Also, we check if all genes pass QC. This is necessary because some genes are not expressed in the tissue of interest and the method we are going to use requires there to be some deviation in the expression of each gene. In this step we remove all genes that do not pass QC (genes that have no expression in any sample).
gsg = goodSamplesGenes(datExpr0, verbose = 3);
gsg$allOK
if (!gsg$allOK)
{
# Optionally, print the gene and sample names that were removed:
if (sum(!gsg$goodGenes)>0)
printFlush(paste("Removing genes:", paste(names(datExpr0)[!gsg$goodGenes], collapse = ", ")));
if (sum(!gsg$goodSamples)>0)
printFlush(paste("Removing samples:", paste(rownames(datExpr0)[!gsg$goodSamples], collapse = ", ")));
# Remove the offending genes and samples from the data:
datExpr0 = datExpr0[gsg$goodSamples, gsg$goodGenes]
}Next, we cluster the samples (in contrast to clustering genes which will come later), to see if there are any obvious outliers.
sampleTree = hclust(dist(datExpr0), method = "average");
# Plot the sample tree: Open a graphic output window of size 12 by 9 inches
# The user should change the dimensions if the window is too large or too small.
sizeGrWindow(12,9)
#pdf(file = "Plots/sampleClustering.pdf", width = 12, height = 9);
par(cex = 0.6);
par(mar = c(0,4,2,0))
plot(sampleTree, main = "Sample clustering to detect outliers", sub="", xlab="", cex.lab = 1.5,
cex.axis = 1.5, cex.main = 2)The height on the y-axis indicates how different the samples are from eachother. The point at which the line is split is what determines how similar to samples are. I.E. Coeliac_14_CD3 is much more different from Control_1_CD3 than e.g. Control_B_CD3 and Control_H_CD3 which are the two samples that are most similar to eachother based on the metrix used to constuct this dendogram. Can you determine which is the sample that least resembles any of the other samples?
Now we are going to determine which samples are outliers. We do this by calculating the average distance the samples have to eachother. We also calculate the standard deviation and then define “outlier samples” as those that are further away than the average distance between samples+5 standard deviations:
#calculate the average distance the samples have to eachother
distanceMean=mean(sampleTree$height)
#calculate the standard deviation of the distance the samples have to eachoter
distanceStandardDeviation=sd(sampleTree$height)
#at what height is a sample at least 5 standard deviations more away from another sample
largeDistance=distanceMean+distanceStandardDeviation*5
largeDistance## [1] 111.2435
Next we check which samples are have a distance larger than “largeDistance”
which(sampleTree$height>largeDistance)How many samples are outlier samples according to this method? Indeed, none.
To show how a sample can be removed, we still show how you could remove the furthers outlier sample (this might be necessary in your future excersize). One can remove it by hand, or use an automatic approach. Choose a height cut that will remove the offending sample, say 70 (the red line in the plot), and use a branch cut at that height.
plot(sampleTree, main = "Sample clustering to detect outliers", sub="", xlab="", cex.lab = 1.5,
cex.axis = 1.5, cex.main = 2)
# Plot a line to show the cut
abline(h = 80, col = "red");# Determine cluster under the line
clust = cutreeStatic(sampleTree, cutHeight = 70, minSize = 10)
table(clust)
# clust 1 contains the samples we want to keep.
keepSamples = (clust==1)
datExpr = datExpr0[keepSamples, ]
nGenes = ncol(datExpr)
#check if we indeed removed a sample
nrow(datExpr0)
nSamples = nrow(datExpr)
nSamples
#since we want to keep working with all samples we go back to the orginial matrix
datExpr = datExpr0We now read in the trait data and match the samples for which they were measured to the expression samples. If you do not already have the “colData.csv” file you can download it: colData.csv.

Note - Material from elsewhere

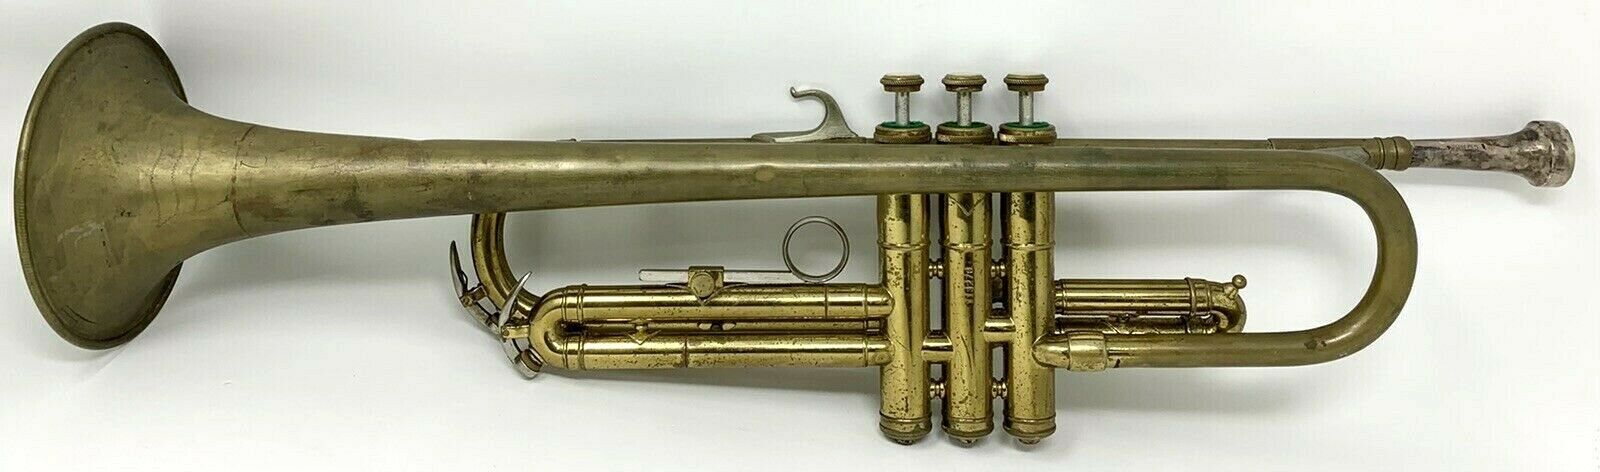 Rmc Indian Head The Martin Indiana Brass Trumpet - Rare Vintage

traitData = read.csv("colData.csv");
dim(traitData)
names(traitData)
# Form a data frame analogous to expression data that will hold the clinical traits.

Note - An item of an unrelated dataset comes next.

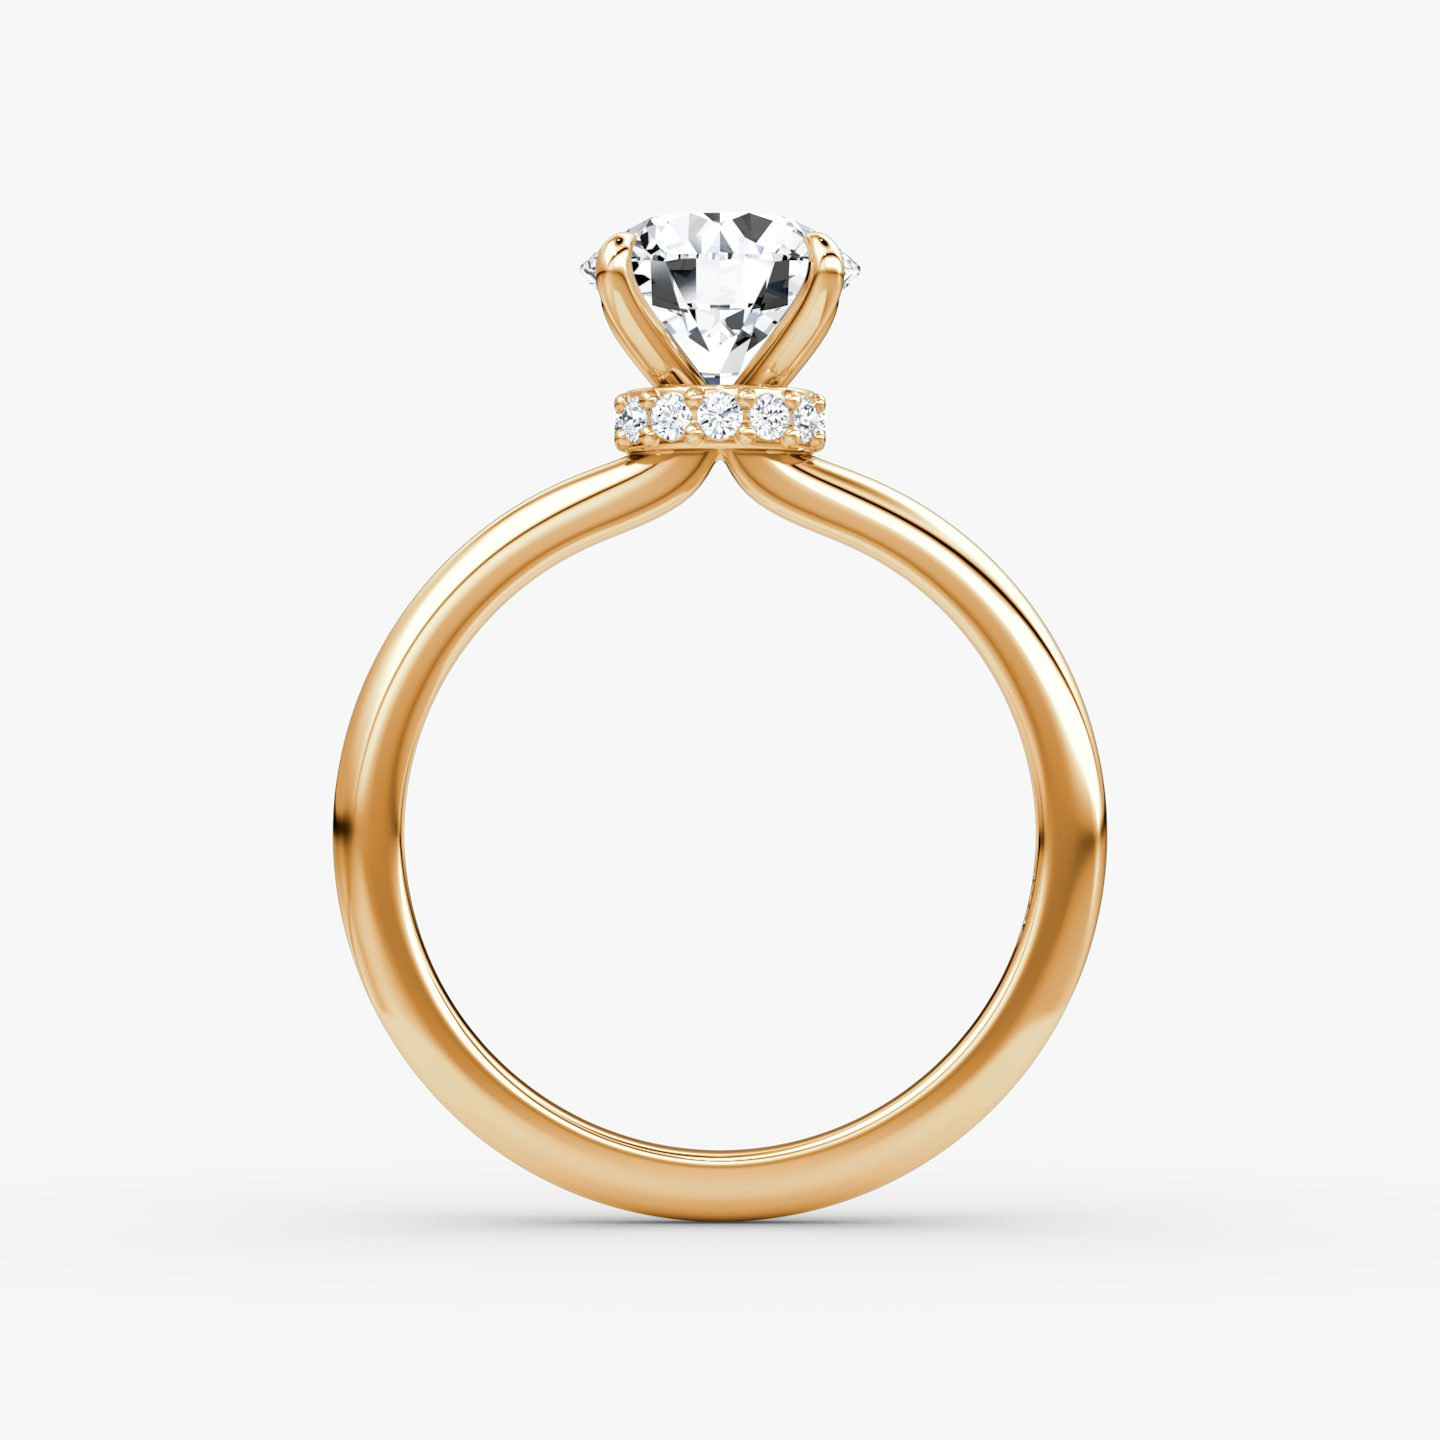 undefined | Rond Brillant | 14k | Or rose | bandAccent: Simple | caratWeight: other | diamondOrientation: vertical

samples = rownames(datExpr);
traitRows = match(samples, traitData[,1]);
datTraits = traitData[traitRows,c(-1)];
rownames(datTraits) = traitData[traitRows, 1];We now have the expression data in the variable datExpr, and the corresponding clinical traits in the variable datTraits. Before we continue with network construction and module detection, we visualize how the clinical traits (celiac of non-celiac) relate to the sample dendrogram.
# Re-cluster samples
sampleTree2 = hclust(dist(datExpr), method = "average")
# Convert traits to a color representation: red means coeliac, green means control;
traitColors = datTraits$type;
traitColors[traitColors=="Coeliac"]="red"
traitColors[traitColors=="Control"]="green"
# Plot the sample dendrogram and the colors underneath.
plotDendroAndColors(sampleTree2, traitColors,
groupLabels = names(datTraits),
main = "Sample dendrogram and trait heatmap")#note my R Studio version does not always bring the graphs to the front, so you may have to move this venster a bit to see the graph.The colors in the bottom (red/green) indicate to which group the samples belong. We observe that there is a group of celia samples that cluster together (control group = green, coeliac = red), but some of the celiac samples appear to group with the control samples. Is this something you would expect? Can you think of 1 or multiple possible explanations why some coeliac samples cluster together with the controls?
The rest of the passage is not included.